Today users have to parse it manually:
import json
scripts = page.css('script[type="application/ld+json"]::text').getall()
data = []
for s in scripts:
try:
parsed = json.loads(s)
if isinstance(parsed, list):
data.extend(parsed)
elif "@graph" in parsed:
data.extend(parsed["@graph"])
else:
data.append(parsed)
except json.JSONDecodeError:
pass
og = {
m.attrib["property"].replace("og:", ""): m.attrib.get("content")

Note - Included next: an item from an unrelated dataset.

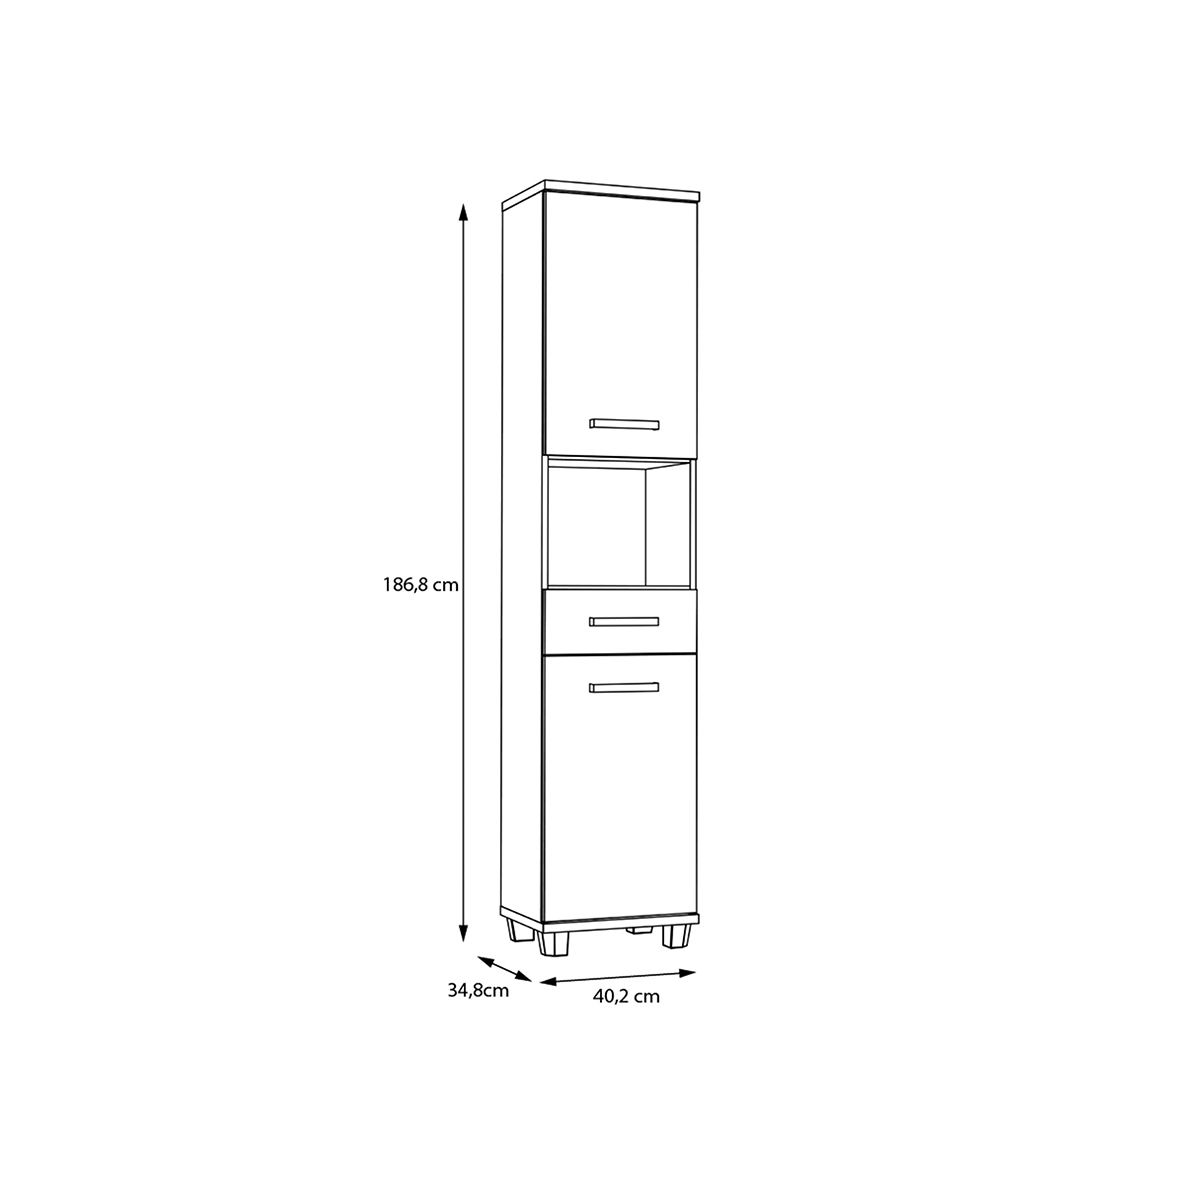 Feris fürdőszobai állószekrény 2 ajtóval, 1fiókkal, világos szürke/Artisantölgy 40,2x186,8x34,8cm

for m in page.css('meta[property^="og:"]')
}
Proposed first-class API on Selector:
page.json_ld() # list[dict]; flattens @graph; tolerant of malformed JSON
page.opengraph() # dict of og:* meta
page.twitter_card() # dict of twitter:* meta
page.microdata() # list[dict] parsed from itemscope/itemprop
page.structured_data() # everything above, grouped by source
page.metadata() # normalized summary: {title, description, image, type, ...} fused across sources
Why this fits Scrapling:
- Aligns with the existing ROADMAP item "Add the ability to auto-detect schemas in pages and manipulate them".
- No new heavy deps (
json is stdlib; microdata can be done with the existing lxml).
- Pure addition on
Selector — doesn't touch fetchers or the adaptive parser.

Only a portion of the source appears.